There are 2 ways to dissect the pellet: you can either gently pull it apart dry (as we did), or you can soak it in warm water (which wets and softens the fur in the pellet and gets a bit messier).
It is tightly wad together with a lot of fur, and a *ton* of different bones. The idea is that the kids slowly and carefully pick through and remove the tiny bones. Using the identification chart, they are able to piece together the owl’s meal. We found quite a few leg bones, pelvis bones, skulls, etc. It’s obvious that the owls had eaten more than one type of rodent, and in one pellet we found 4 skulls!
The kids were really engaged, and literally screaming as if they won the lottery every time they identified a bone. We had laid out tweezers, forks, popsicle sticks, and a myriad of other tools, but found that the kids mostly would pull out a bone with their fingers, and then place it in the tweezers carefully to show us:). We had them match up the bones on their charts- which even the youngest (age 4.5) were able to do!
It was a fun, hands-on science project that helped everyone learn about the food chain, while practicing observation and classification skills. I highly recommend it for nature lovers!
Science Books about Owls for Kids:
Owls: A Wildlife Handbook by Kim Long includes color sketches of the 19 species of owls in North America. The kids will enjoy the information about each owl such as their favorite foods, their habitats, how they hunt, and where they live in N. America. There are some myths and cultural history about owls included as well.
Owls (Animal Predators) by Sandra Markle is an excellent resource for kids. Each page has amazing photographs of owls throughout their life cycle, in their natural habitat, with typical behaviors and actions shots. This book does talk about owl pellets!
Owls by Gail Gibbons. I love Gail Gibbons- she is an excellent author for kids because she understands what they are interested in, and writes clear, non-fiction books that are packed with labeled illustrations and facts to get kids excited about exploring science and nature. This book discusses the owls life cycle, its habitats and behaviors, and environmental threats to certain owls.
Extension Activities after Owl Pellets & Resources to Learn about Owls
* The biggest environmental threat to owls around the world is loss of habitat, due to land development and timber harvesting. Brainstorm with the kids on ways people can help in the conservation of owls.
* Most owls are at the top of their food chain (aka food web). Observe these food chains, and then draw your own, based on the remains found in your owl pellet.

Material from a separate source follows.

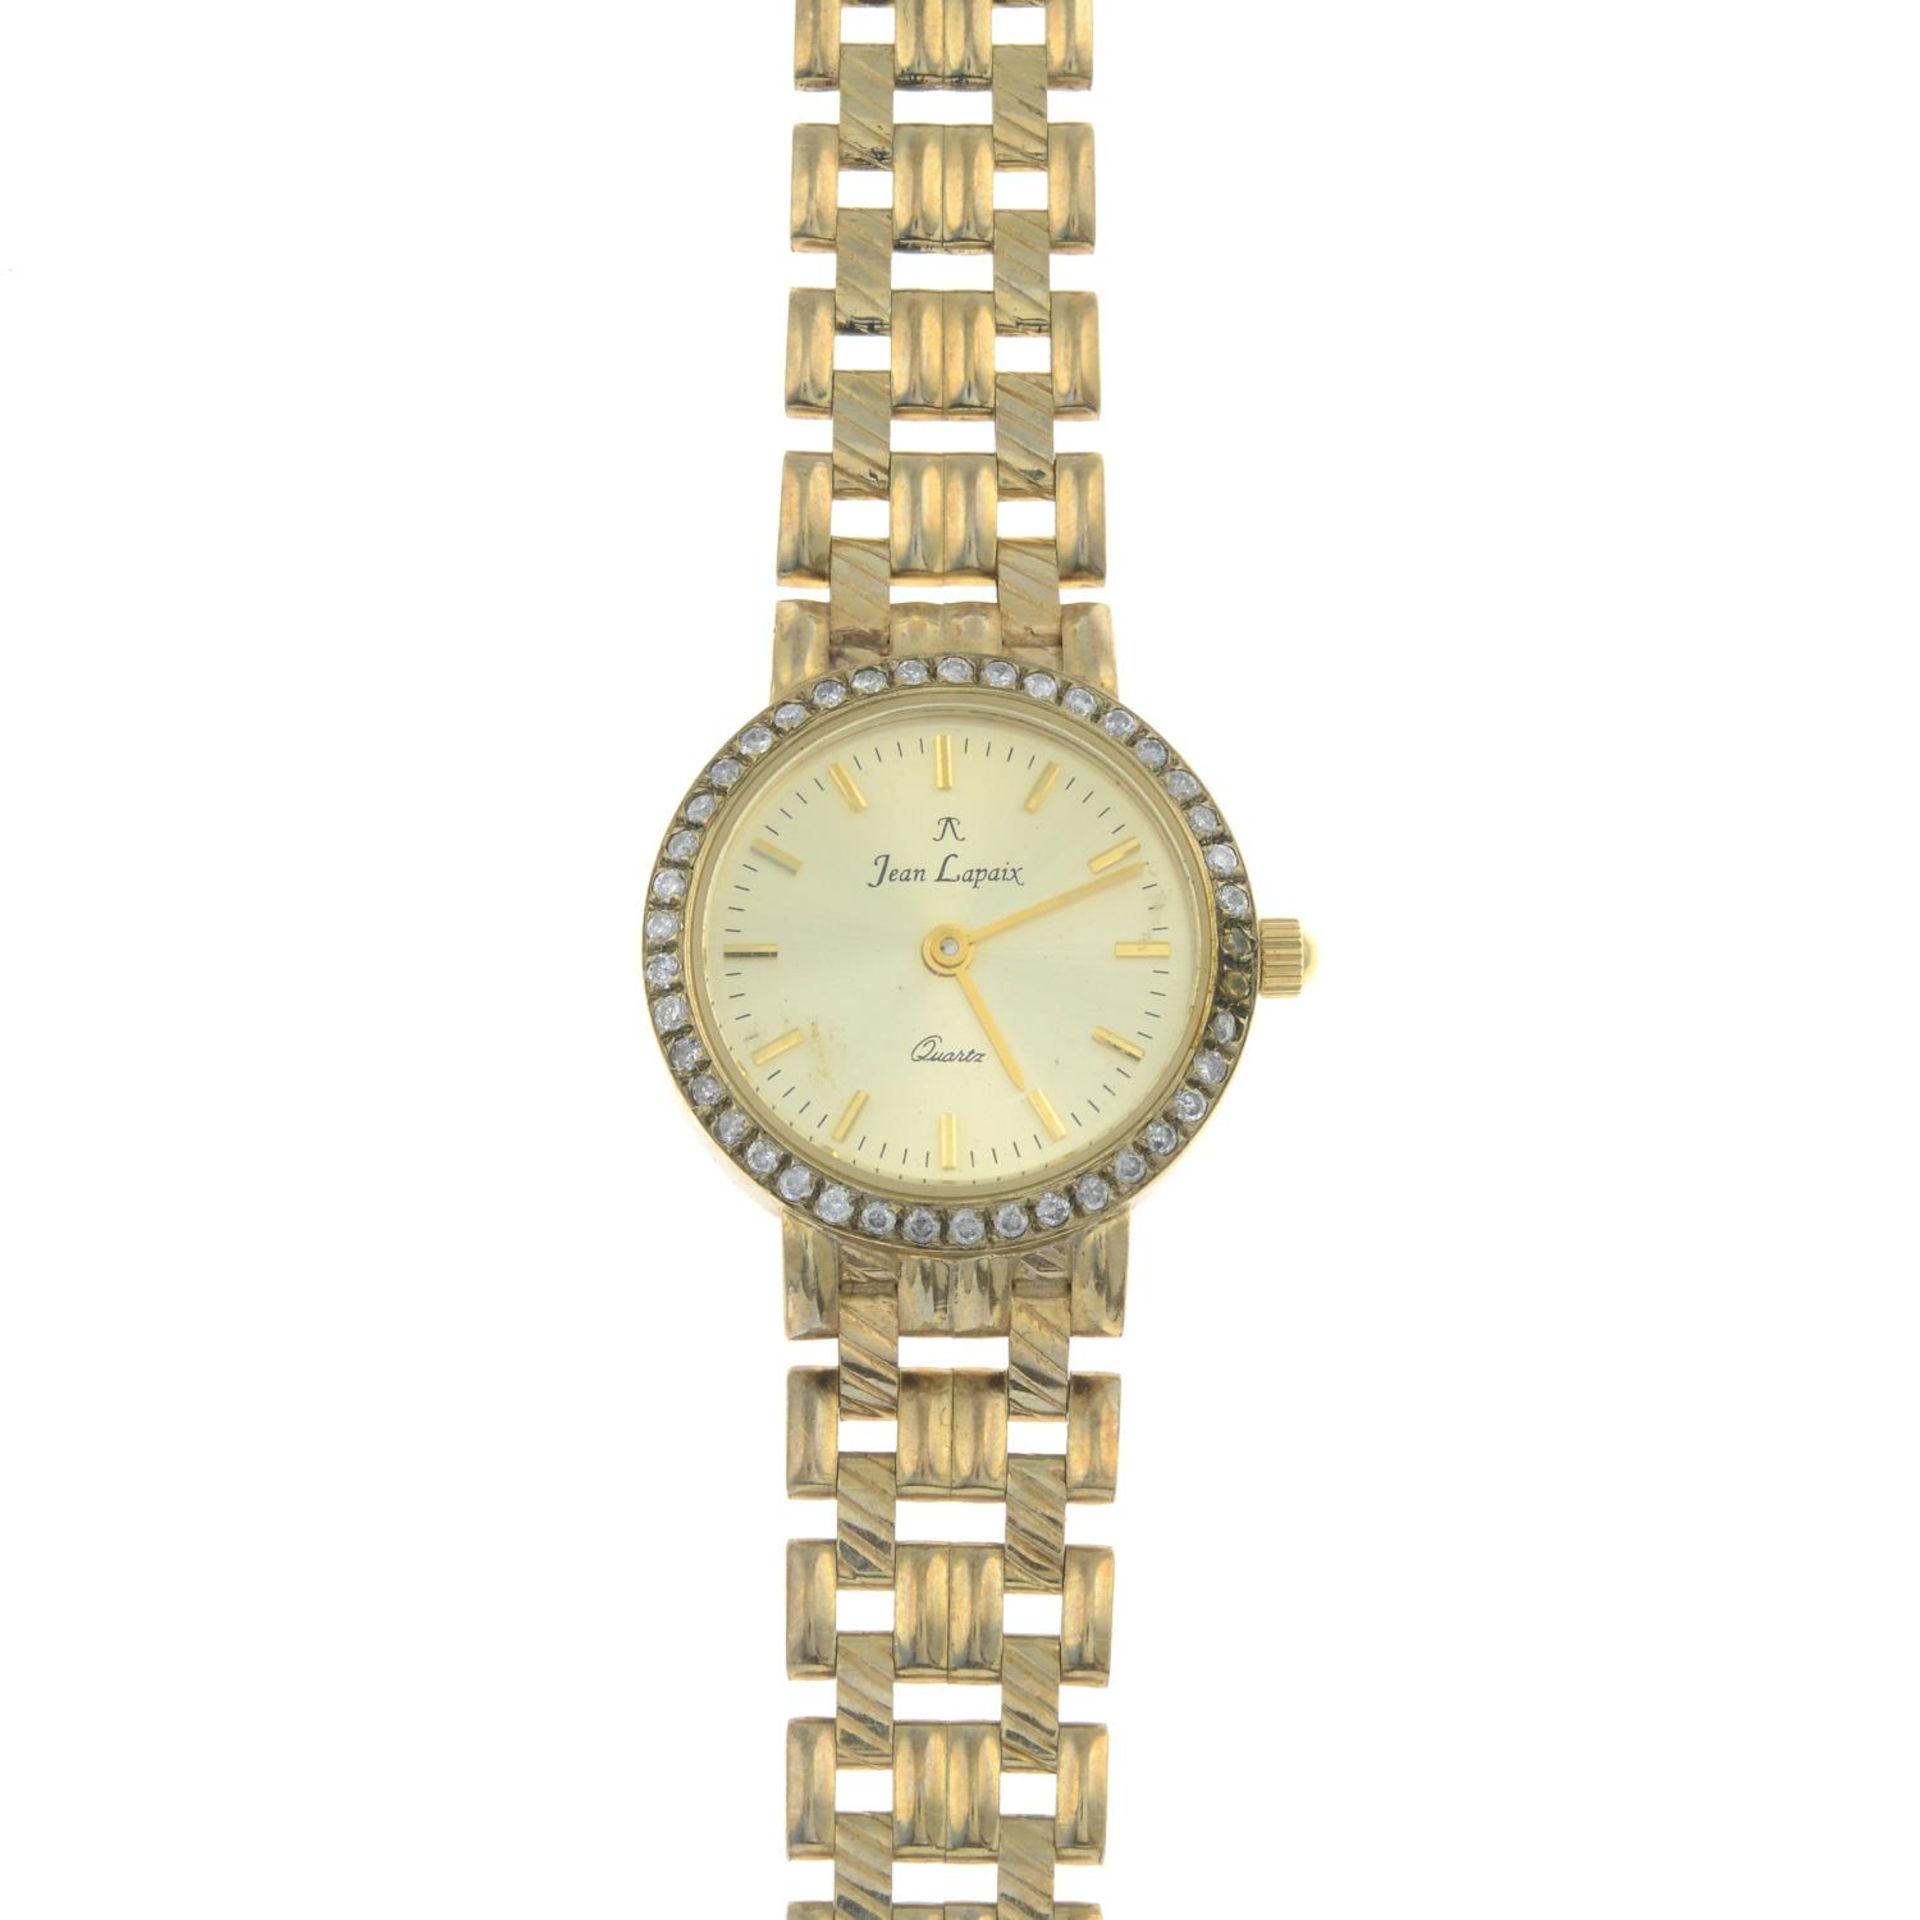 A lady's diamond wristwatch,

* Hear the calls of all species of owls! Memorize the calls of the owls that live near you, and then take a night hike with your kids. Can you identify any?
* World Owl Mythology: Extend your knowledge of owls to include cultural references from around the world. World Owl Mythology is a compilation of beliefs and legends about owls from many different countries. What is fascinating is that some culture revere and honor owls, who bear good fortune to their people; other cultures believe owls are bad omens, linked with destruction and evil.

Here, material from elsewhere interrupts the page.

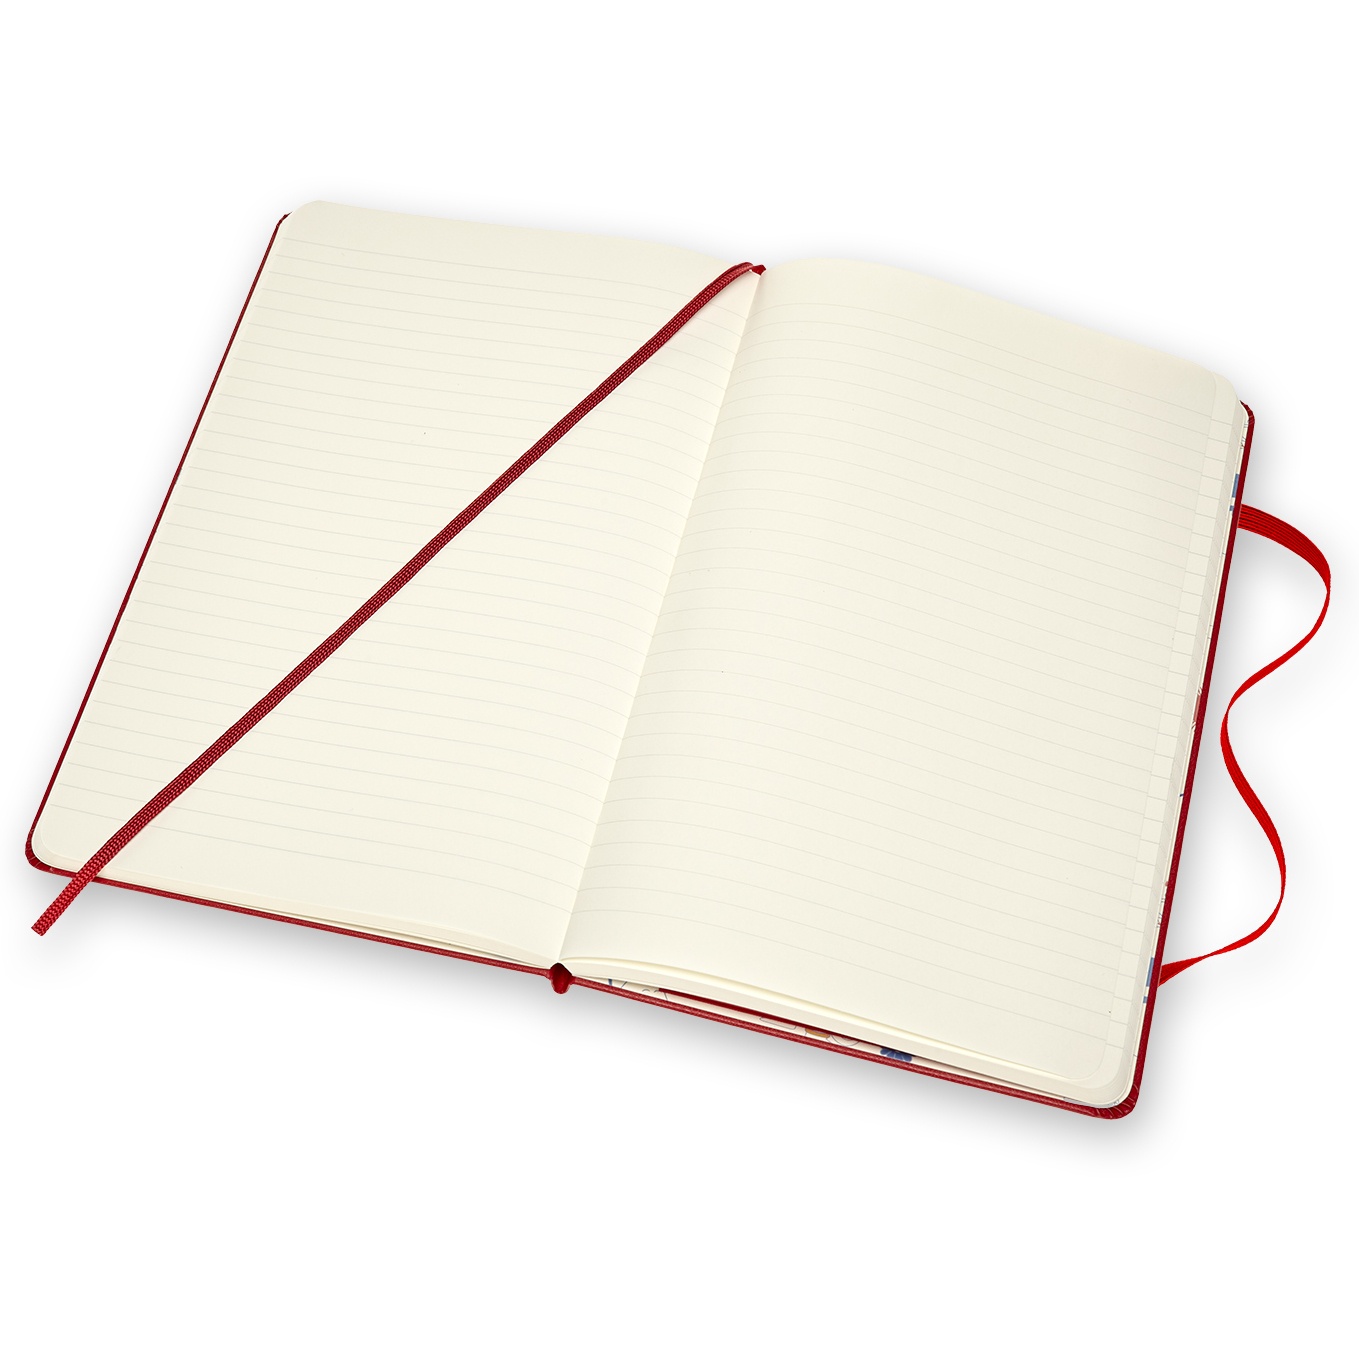 Hardcover Large Moomin Red Ruled dans le groupe Papiers & Blocs / Écrire et consigner / Carnets chez Pen Store (100372)

* On FirstPeoples.org, you can read the Legend of How the Coyote Joined the Dance of the Burrowing-Owls. the Eskimo Story of Owl and Raven, and a Choctaw legend of Why the Owls Share. Another site has the story of Why the Owl has Big Eyes.
* Do a cute owl craft based on the book “Owl Babies.” Really cute socio-emotional discussion questions for kids, and a cute craft made from recycled water bottles, where kids get to practice their fine motor skills, and then their ABCs.
* Another fun art project with owls, this time kids get to practice their research skills on-line, and do a virtual field trip to see barn owls!